The same holds for this one: the arguments needs to be $>0$... but we want also this logarithm $>0$ so the conditions on the argument is simply $$ \frac{6x-1}{x+1}>1\;,\;\;\mbox{i.e.}\;\;x>5/2 $$ Moreover $x$ must be different from $-1$ (the denominator has to be different from zero), but this is included in $x>5/2$.

Let's now go to the computations: you approached to $$ \log_{6}\frac{6x-1}{x+1}<-\frac{1}{\log_{6}\frac{x+1}{6x-1}} $$ using the change base formula for logarthims: $\log_ax=\frac{\log_bx}{\log_ba}$. And you're right.

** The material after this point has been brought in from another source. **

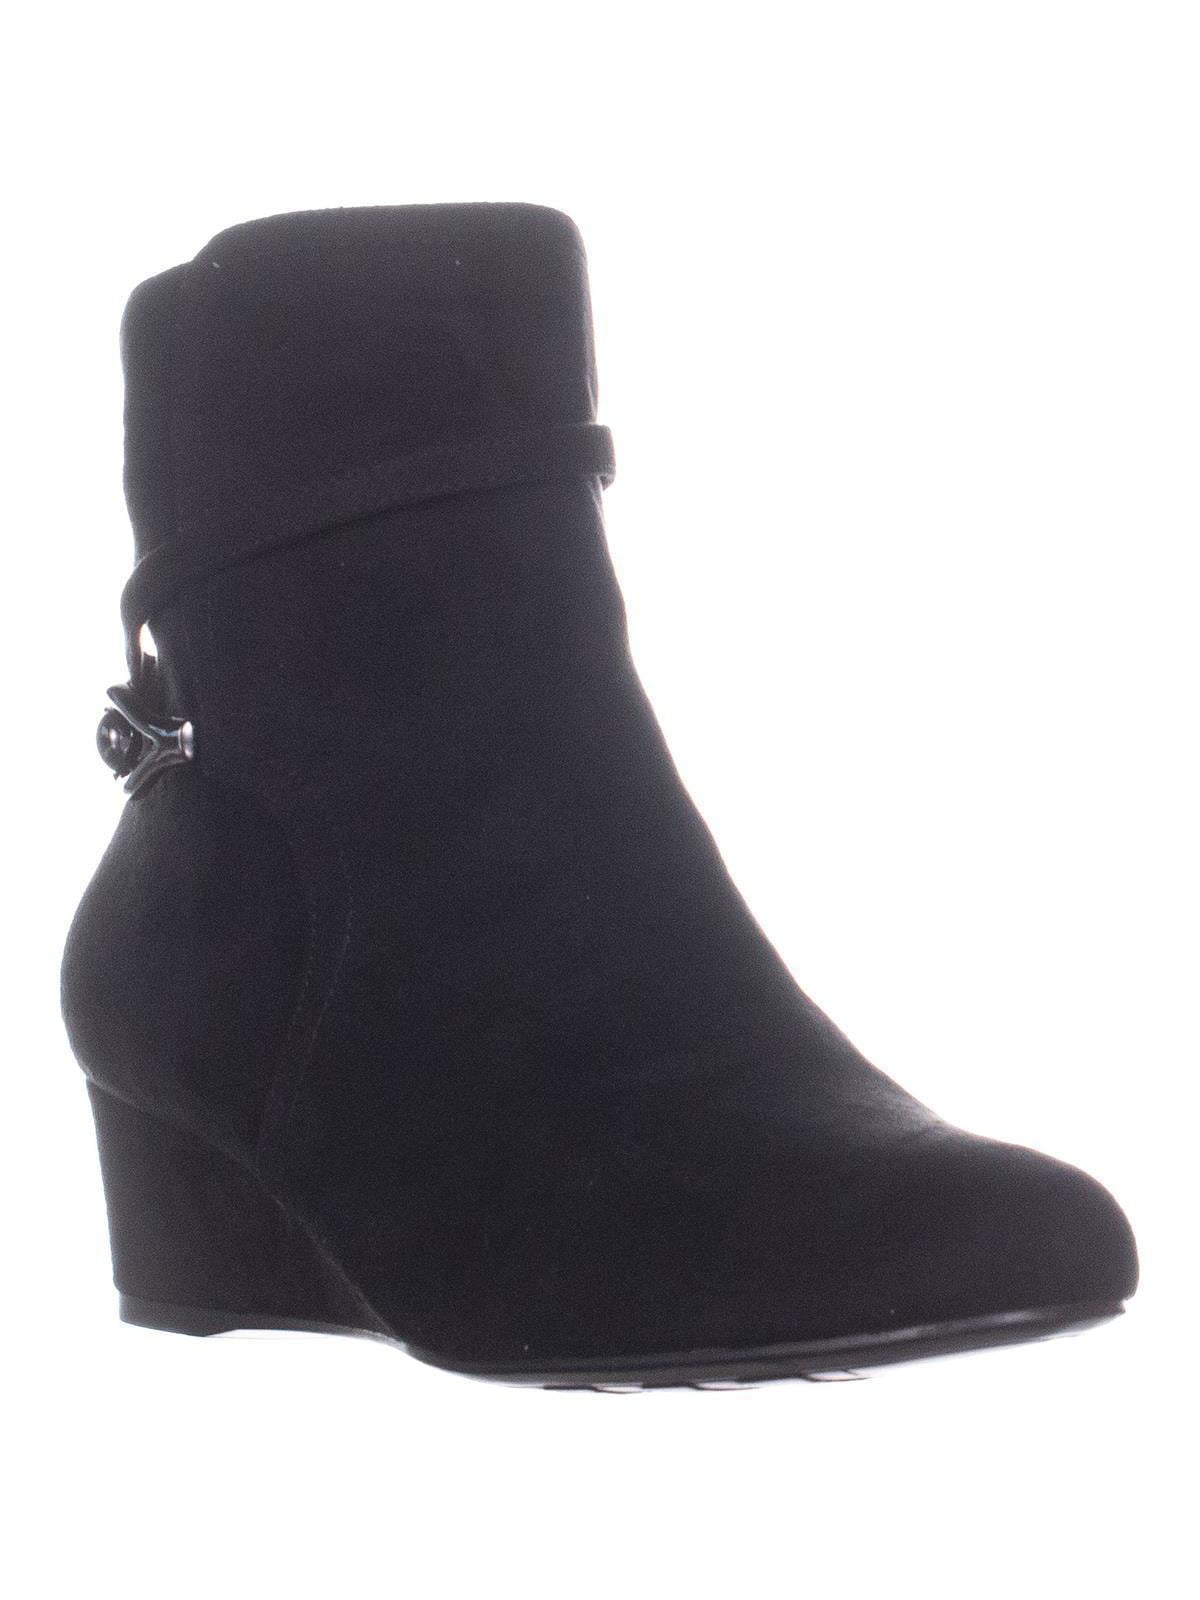 Womens Impo Glammed Wedge Ankle Boots, Black - Walmart.com

Now note that $$ -\frac{1}{\log_{6}\frac{x+1}{6x-1}}=\frac{1}{-\log_{6}\frac{x+1}{6x-1}}=\frac{1}{\log_{6}\frac{6x-1}{x+1}}$$ where the last equality follows from the basic properties of logarithms, i.e. $-\log_ax=\log_a{\frac1x}$.

So our inequality is now turned in the following one: $$ \log_{6}\frac{6x-1}{x+1}<\frac1{\log_{6}\frac{6x-1}{x+1}} $$ Now simply multiply every side for $\log_{6}\frac{6x-1}{x+1}$, so we have: $$ \left(\log_{6}\frac{6x-1}{x+1}\right)^2<1 $$ i.e. $$ -1<\log_{6}\frac{6x-1}{x+1}<1 $$ Then taking the power of $6$ of all sides we came to $$ \frac16<\frac{6x-1}{x+1}<6 $$ that leads to $x>1/5$. But the existence conditions impose that $x>2/5$.

Hence the solution is $x>2/5$.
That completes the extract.